Словно вновь надев летательный аппарат, я с безумной улыбкой на устах оформил заднее сальто, на которое не был способен ни один иной разумный под этим знойным солнцем. Взлетев почти на два метра, я распластался спиной, замерев на мгновение, лежа на потоке ветра.
Замелькали сабли, словно сброшенные перья сокола, и в моих противников полетели острые воздушные ножи. Опускаясь на ноги, я лишь слышал, как сталкиваются лед и земля, превращая друг друга в мелкое крошево.
Огбейн увернулся, изогнувшись водяной струей. Нахэв выставил булаву как щит: при столкновении его протащило почти на метр, но тот крепко стоял на ногах. Мы замерли, образуя втроем длинную вытянутую линию.
В начале находился мечник, вокруг клинка которого парили водяные капли, готовые пулями сорваться к цели. В центре был я, и песчинки танцевали на ветру, кружащем рядом с саблями и рычащем в предвкушении славной битвы. В конце стоял юноша, спокойный, как скала, с расходящимися вокруг его ног волнами.

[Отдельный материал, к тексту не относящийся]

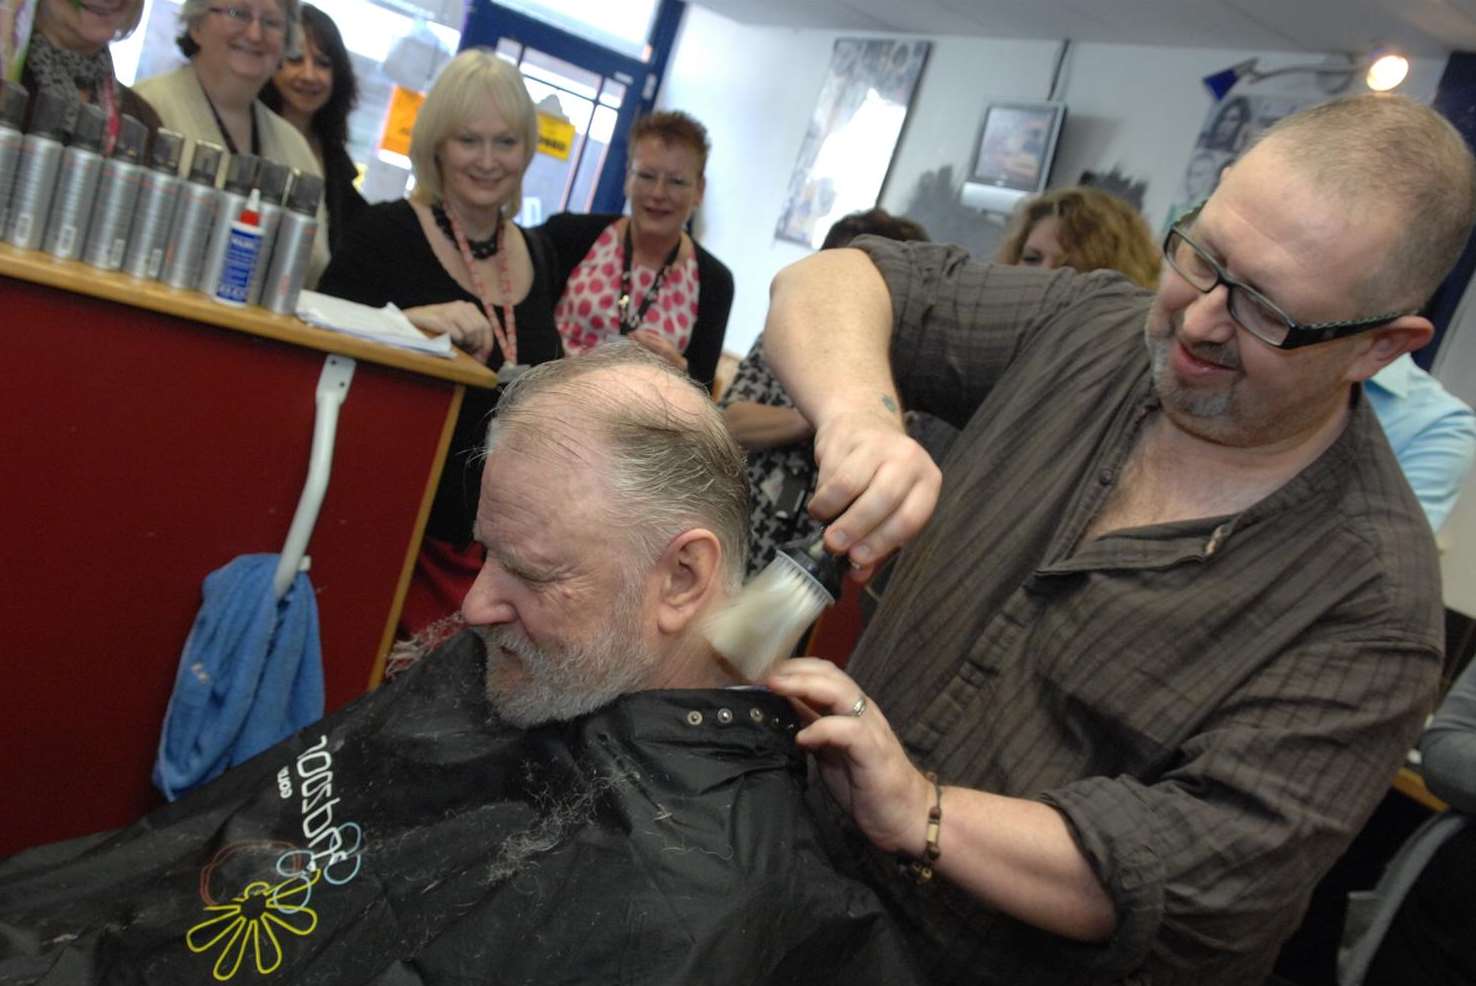 Barber Kevin Almond cut hair in Herne Bay for 32 years

Я чувствовал, как кричат Лунные Перья, очнувшиеся от сна, как они готовы рвать и терзать моих врагов. Ощущал, как бешено стучит сердце, вспоминая былые схватки и желая вновь пережить прикосновение обманутого Темного Жнеца. Судя по лицам моих противников, их одолевали те же мысли.
Я чуть согнул ноги, заведя короткую саблю за спину, а старшую выставляя параллельно поясу. Мечник отвел руку назад, второй ладонью также схватившись за рукоять. Юноша упер булаву в землю, напоминая согнутую дугу катапульты, готовую взорваться страшным, не прощающим ошибок ударом.
Все стихло. Солнце спряталось за облако, тенью накрывшее арену. От наших тел шел пар, в котором прочно увязли крики толпы, не достигавшие ушей сражавшихся. Все, что я слышал, – бешеный стук сердца; все, что ощущал, – как крепко руки сжимают сталь, не раз побывавшую в самых опасных боях; все, чего я хотел, – поскорее окунуться в океан крови, в котором тонешь без оглядки, слушая лишь ритмы тела.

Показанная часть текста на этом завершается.